The Rise of the Abortion Party
Suppose that, in the 1960s, several hundred Americans in favor of overturning the conventional prohibitions on abortion established a new political party. To highlight its distinct platform, they unabashedly named it the Abortion Party. The new party attracted a lot of attention and a fair amount of money. Party members organized in several states and worked diligently and successfully to change the laws of those states. The party fielded candidates and a few won office.
At this juncture, several Catholic bishops suggested to each other in private meetings that they publicly forbid Catholics from joining the party, contributing to the party, or voting for the party’s candidates. The majority of Catholic bishops counseled against taking this action.
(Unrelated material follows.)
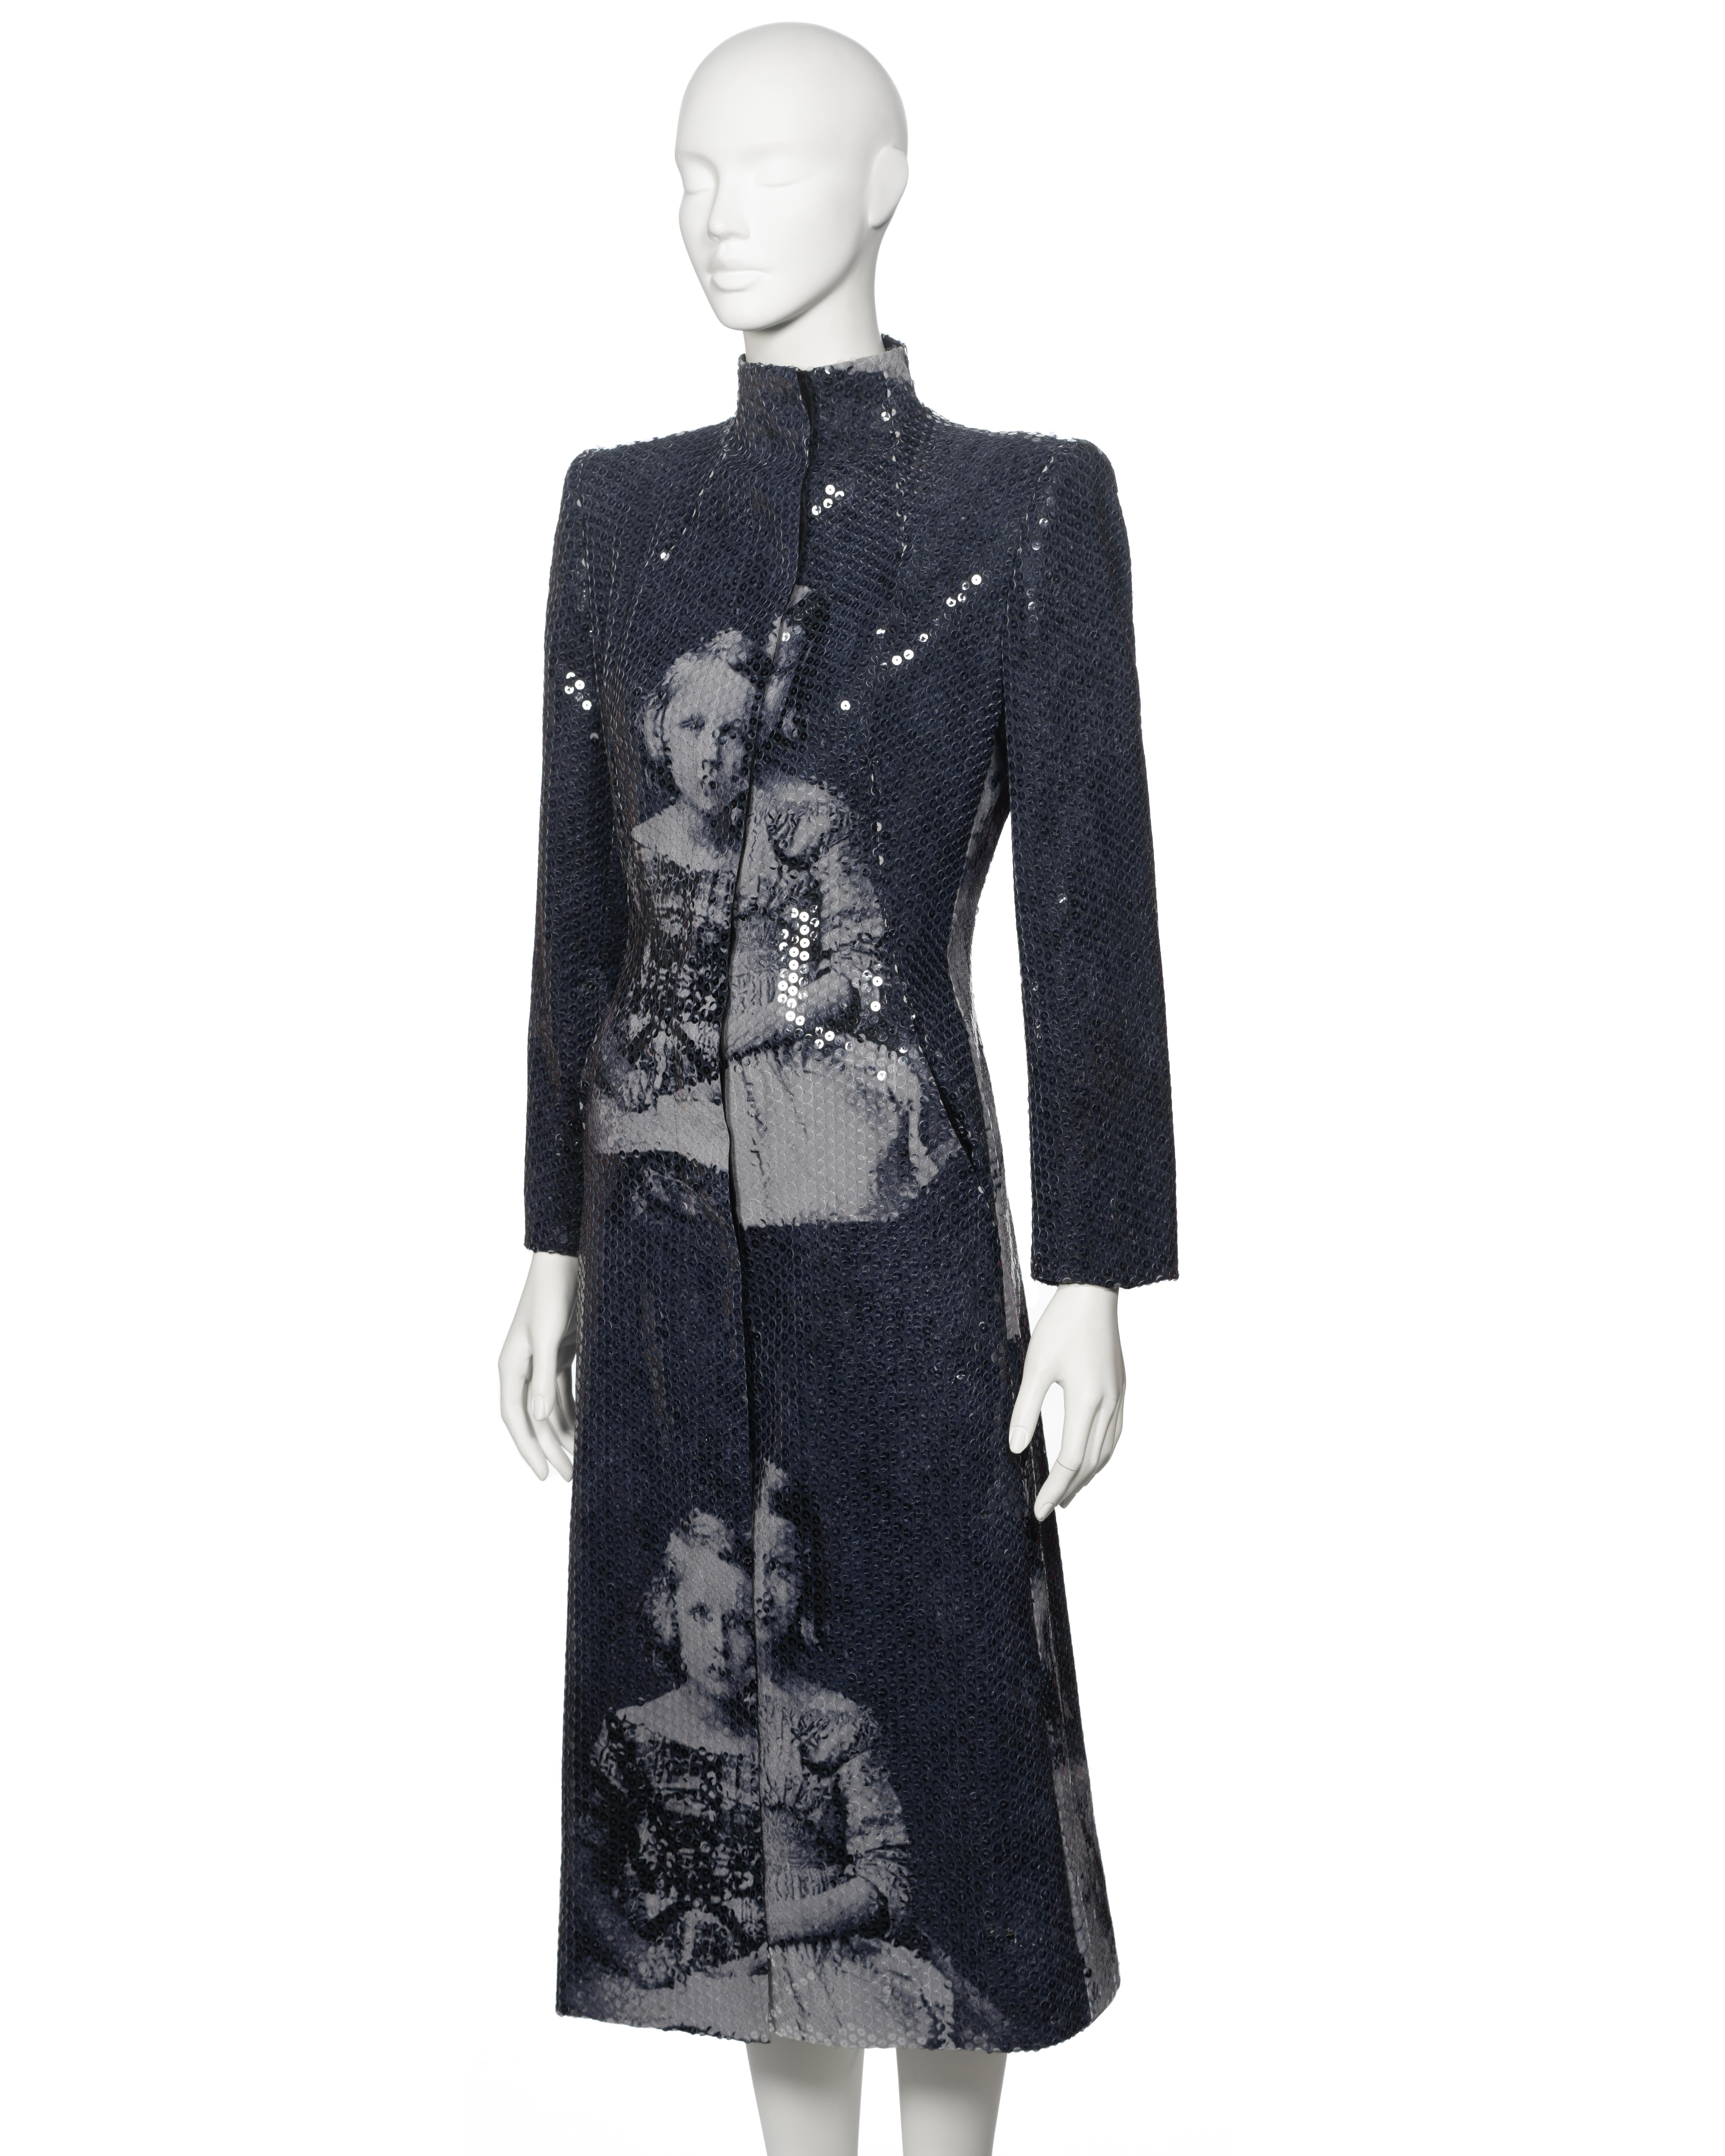 Alexander McQueen Sequin 'Joan' Evening Coat, fw 1998 For Sale 2

They said times were different now — no longer do we publish lists of forbidden books, forbidden movies, and forbidden organizations like the Masons. It was, they said, pastorally prudent under the current circumstances to educate the faithful rather than command them. They expressed their firm belief that, over time, this third party would, like all third parties in American history (except the Republican Party) wither away.
Shortly thereafter, the U.S. Supreme Court issued its decision in Roe v. Wade, making abortion legal in all fifty states, at all times of pregnancy, and defining maternal health so broadly as to offer no limitation. Having won this unexpected victory, the National Committee of the Abortion Party met to devise plans to defeat any attempt to amend the Constitution to overturn the decision, to defeat any attempt to limit abortion, and to enlarge its membership and enhance its chances of becoming a leading political party.
In the ensuing thirty years, the Abortion Party did grow. The number of people voting in its primaries grew exponentially. The number of party officeholders expanded and eclipsed all other third parties in U.S. history (except the Republican Party). The party expanded its platform to address the entire spectrum of public-policy concerns. The commitment to “abortion rights” and related issues, however, remained its raison d’être.